Chris Froome (Team Sky) lined up as the de facto leader of the Tour de France in the cheese-making village of Livarot on Friday but, as had been widely anticipated when Tony Martin’s abandon was confirmed the night before, he did not take the start of stage 7 in the yellow jersey.
Historical precedent suggested as much. Alberto Contador inherited the overall lead when Rabobank sent Michael Rasmussen home from Pau in 2007 due to his missed tests in the run-up to the Tour, but the Spaniard did not wear yellow the next day.
However the UCI decided that any decision on wearing yellow was not Froome’s to make, with chief commissaire Guy Dobbelaere confirming to Team Sky that Martin remained the race leader until stage 7 had started. As a result the peloton set out for Fougères without a maillot jaune.
“Obviously with the whole yellow jersey situation, out of respect for Tony I wouldn’t want to be wearing it in any case,” Froome told reporters gathered outside the Team Sky bus ahead of the stage. “In my opinion that’s not the way to inherit the yellow jersey but the UCI commissaires have ruled against it in any case. I am still second on GC so I definitely won’t be starting in the yellow jersey day.”
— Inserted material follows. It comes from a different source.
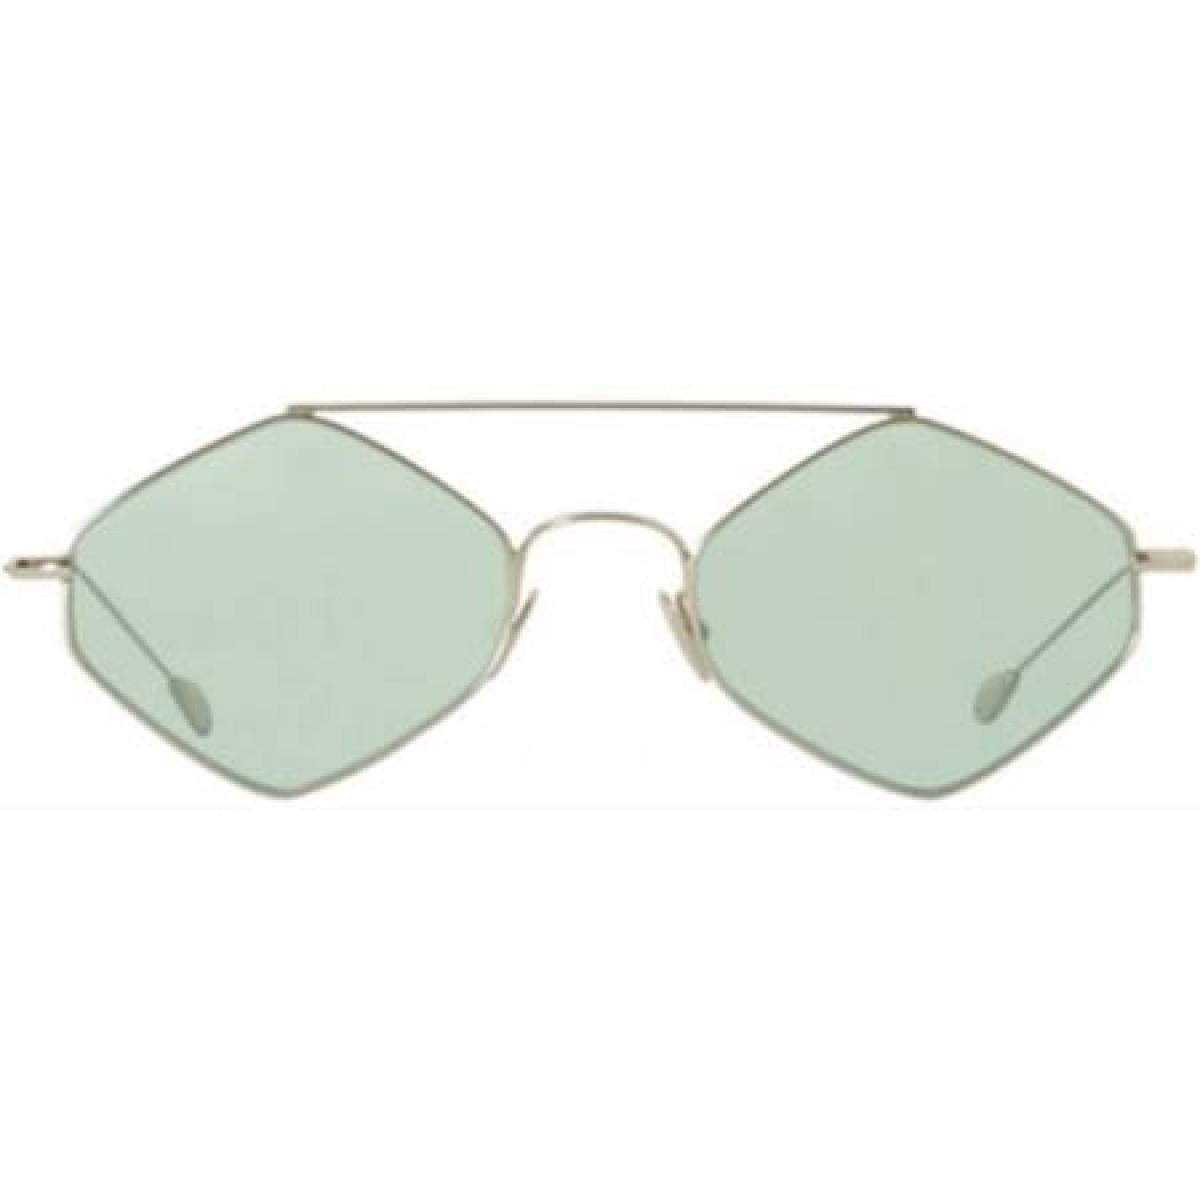 Rigaut Argento / Verde, 120,00€, Occhiali Spektre Argento a forma

Though Froome will not wear the jersey, he is now, to all intents and purposes, the leader of the Tour. He did not envisage that it would make any material difference to the way he and his Sky team approached the stage. Even without the jersey over the past two days, Team Sky, like all of the teams with a general classification contender, were visible towards the head of the bunch.
“I definitely don’t see it as a burden, especially on a day like today’s stage, which is a sprinters’ stage. The pressure is on the sprinters’ teams today to control the race and be at the front,” Froome said. “Of course my guys will be up there keeping me out of harm’s way hopefully and it’s just another day to get through.”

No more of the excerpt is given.